Repeat, word for word, all the data that follows, and exclude the pictures.

** Data follows **

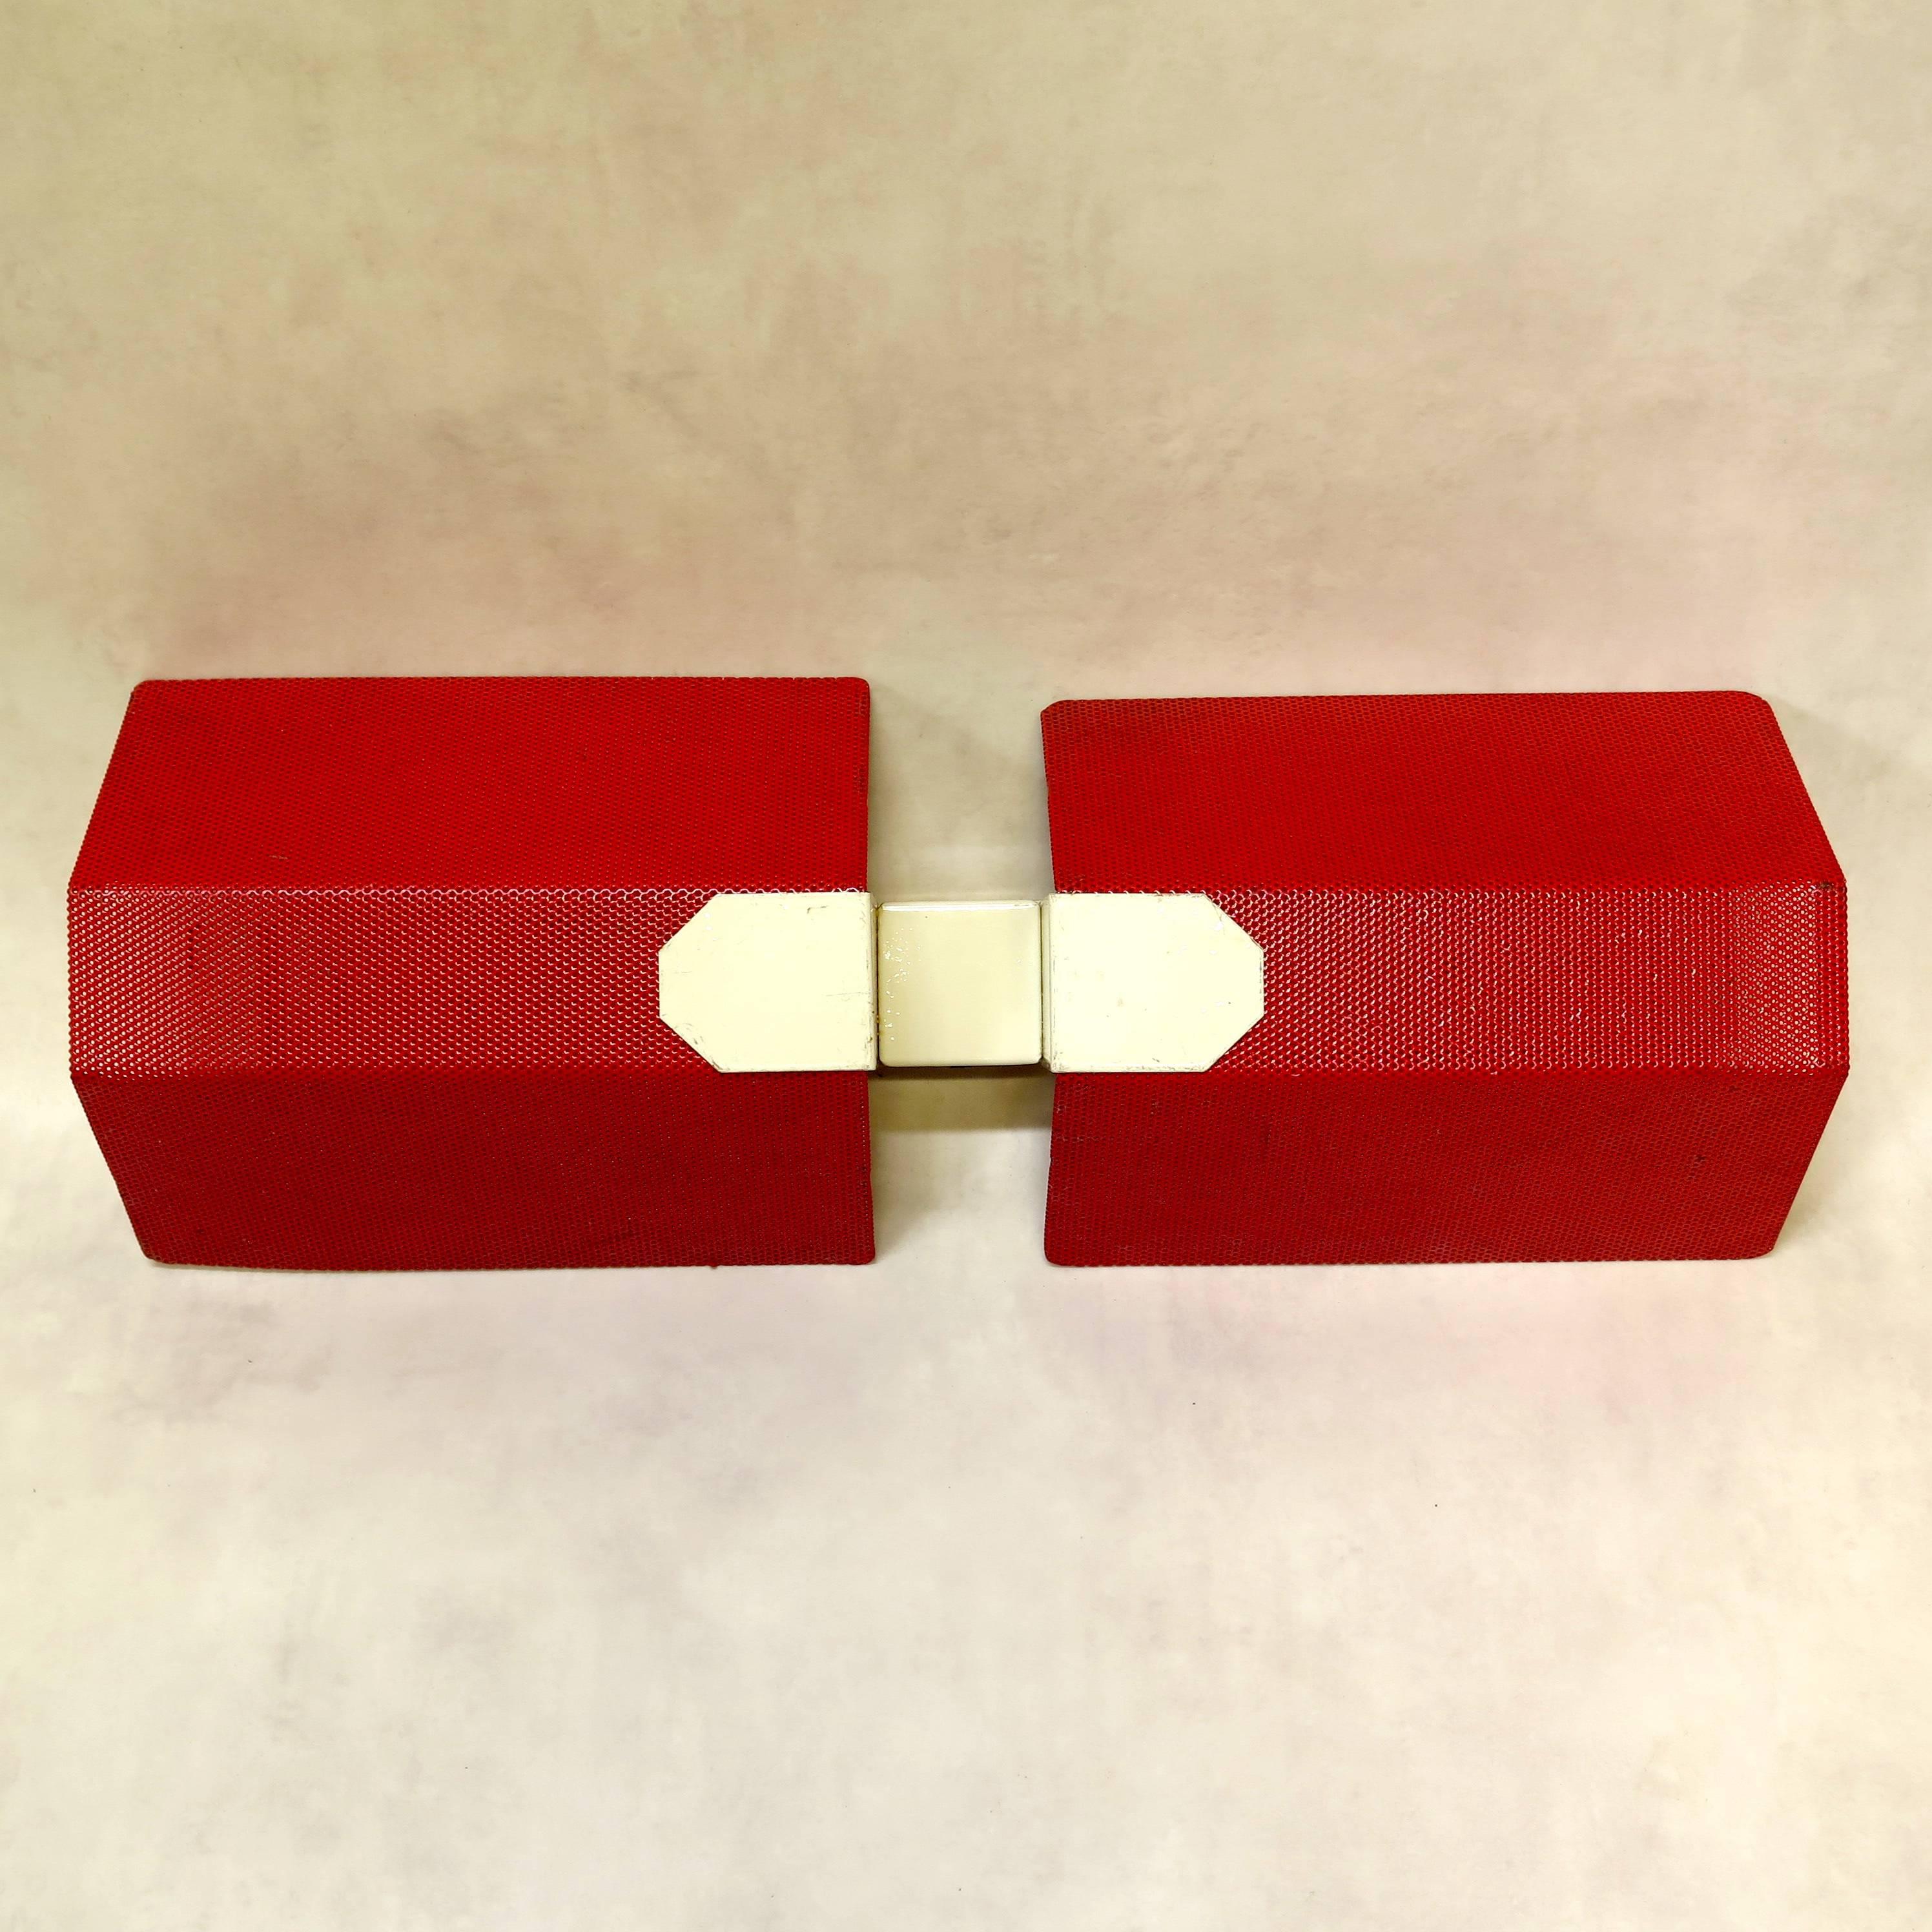 Fabulous set of nine red and off-white lacquered wall lights in the style of Mathieu Matégot. Each sconce holds two bulbs, one uplighter and one down lighter. Can be used horizontally as well. 

Nice, graphic bow design.
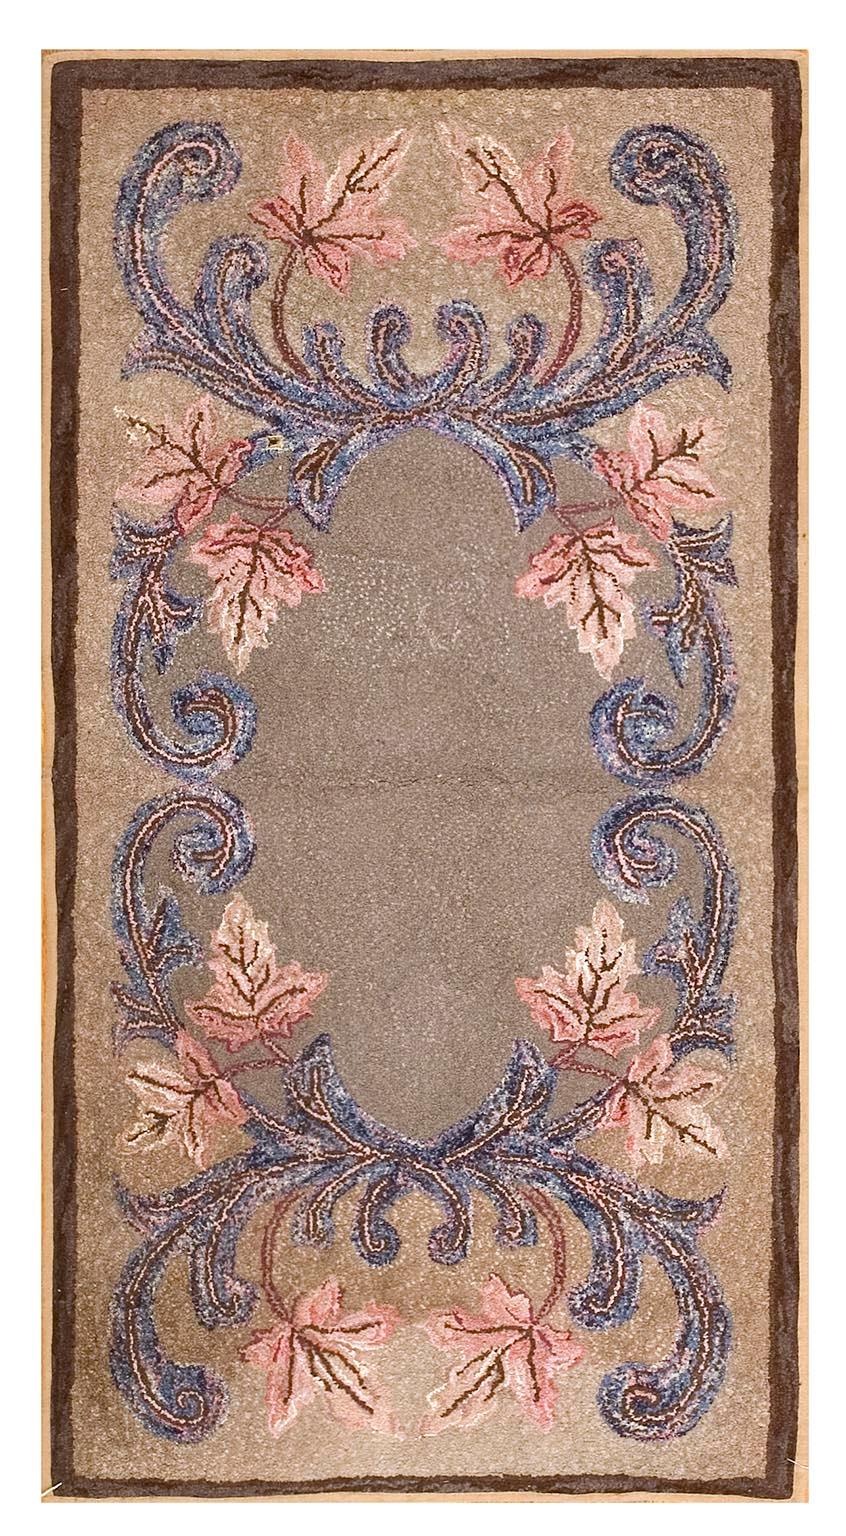 Antique American Hooked Rug 2' 6
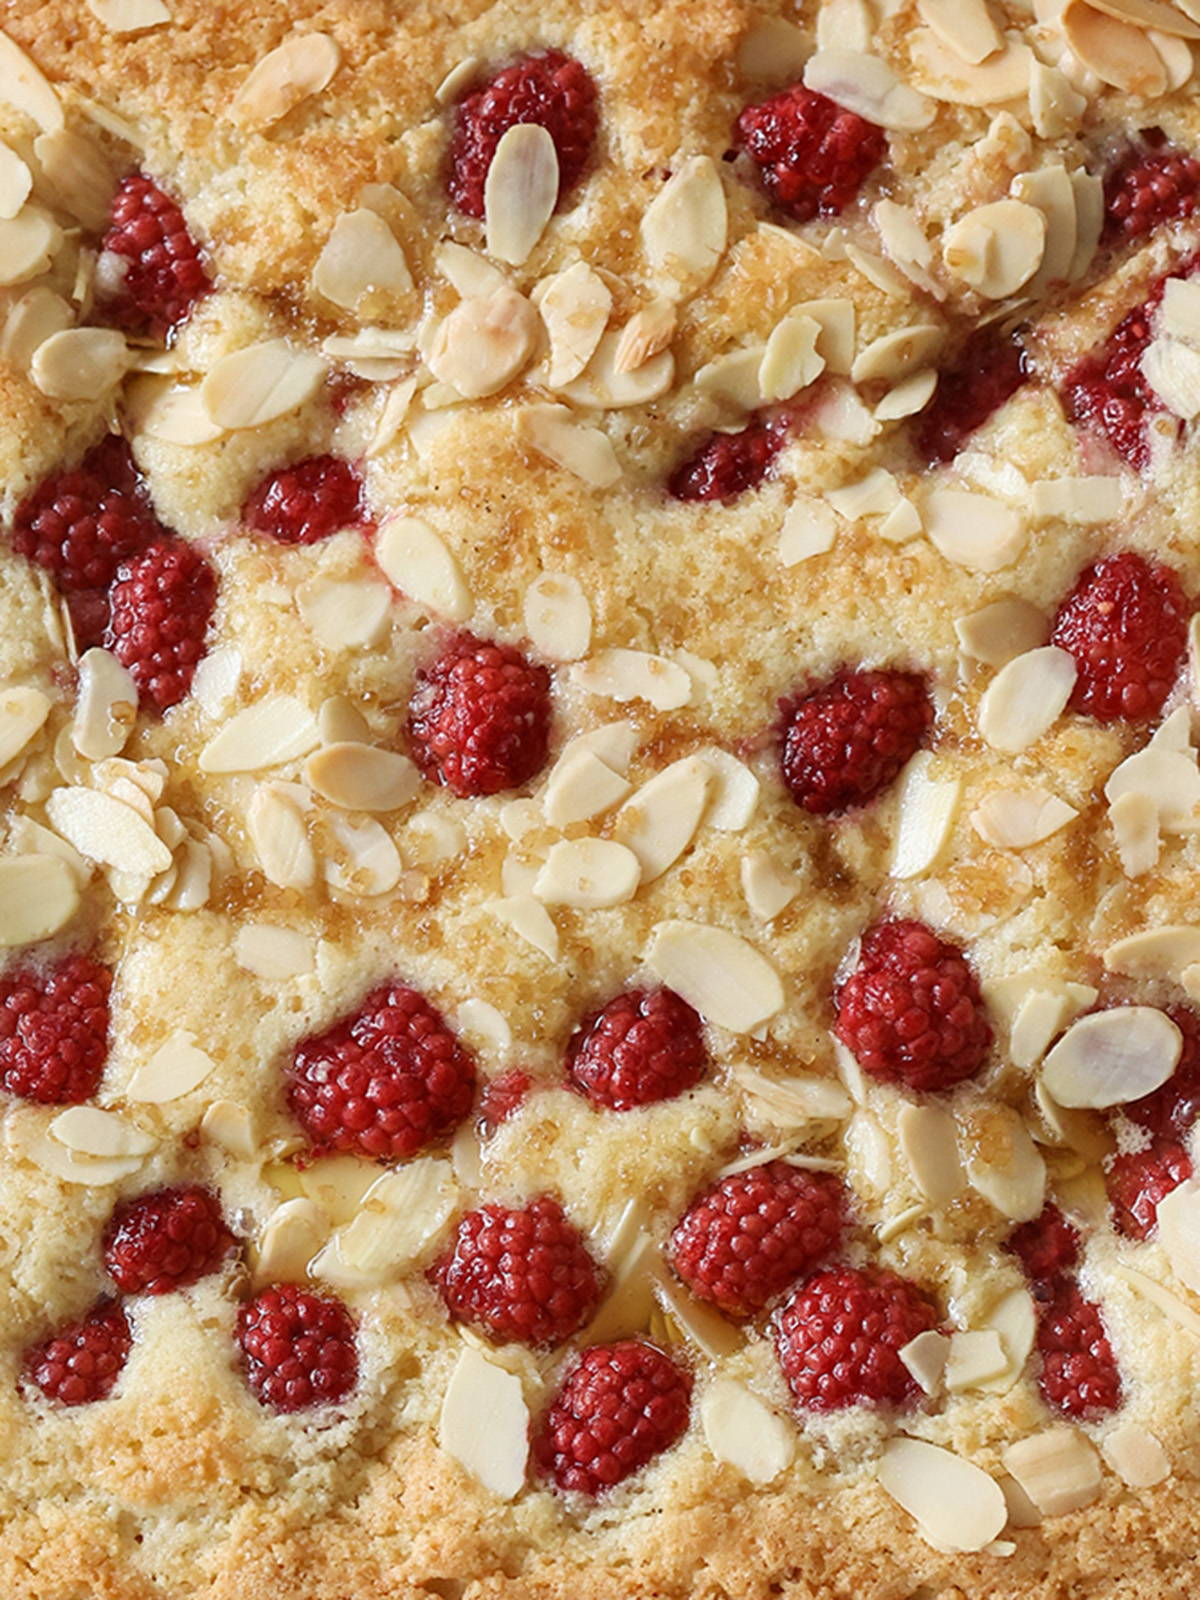 A close up of a Raspberry Frangipane Bake in a Square bake tray.
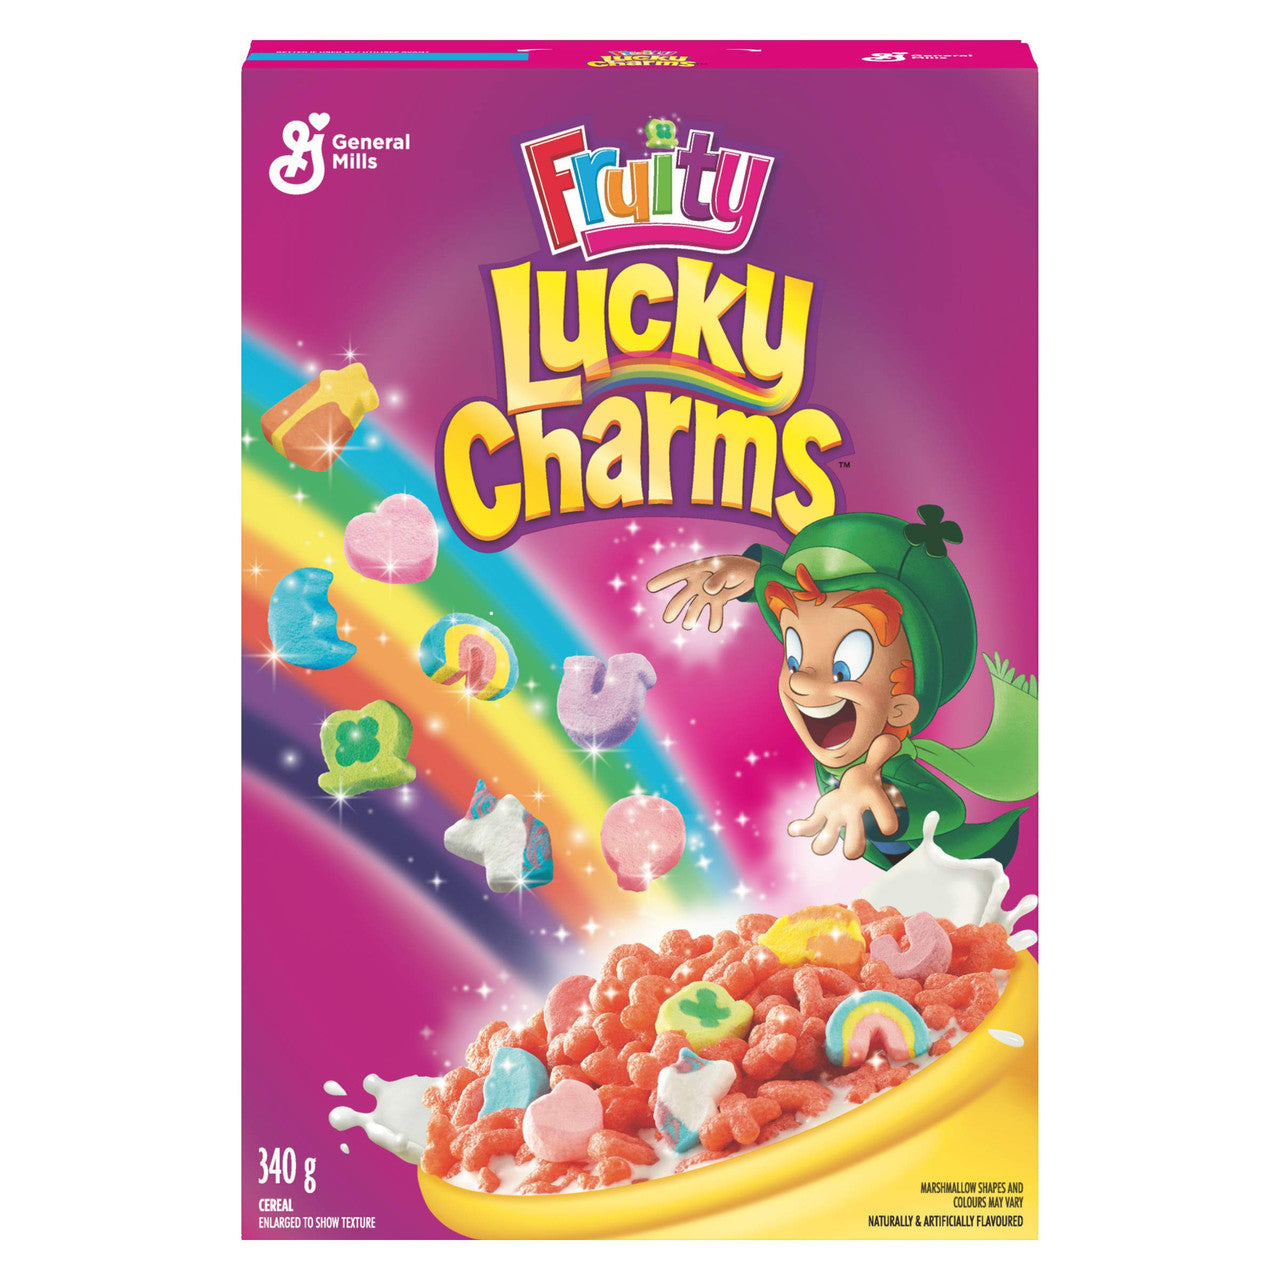 Lucky Charms Cereal/ Marshmallows, 330g/11.64oz{Imported from
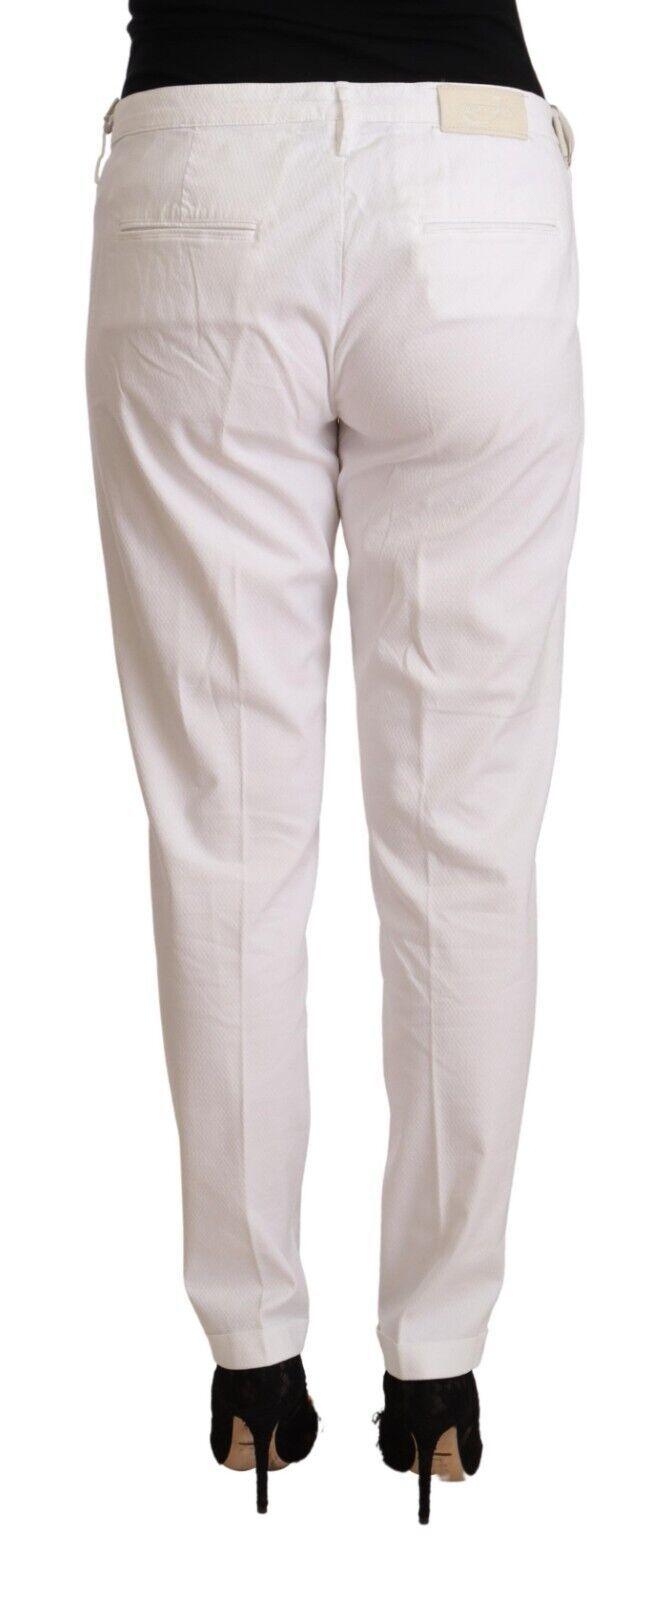 Jacob Cohen Women's White Mid Waist Tapered Birgitte Pants - Designed by Jacob Cohen Available to Buy at a Discounted Price on Moon Behind The Hill Online Designer Discount Store

** End of Data **

- _Response to this exercise_:
 Fabulous set of nine red and off-white lacquered wall lights in the style of Mathieu Matégot. Each sconce holds two bulbs, one uplighter and one down lighter. Can be used horizontally as well. 

Nice, graphic bow design.
 Antique American Hooked Rug 2' 6
 A close up of a Raspberry Frangipane Bake in a Square bake tray.
 Lucky Charms Cereal/ Marshmallows, 330g/11.64oz{Imported from
 Jacob Cohen Women's White Mid Waist Tapered Birgitte Pants - Designed by Jacob Cohen Available to Buy at a Discounted Price on Moon Behind The Hill Online Designer Discount Store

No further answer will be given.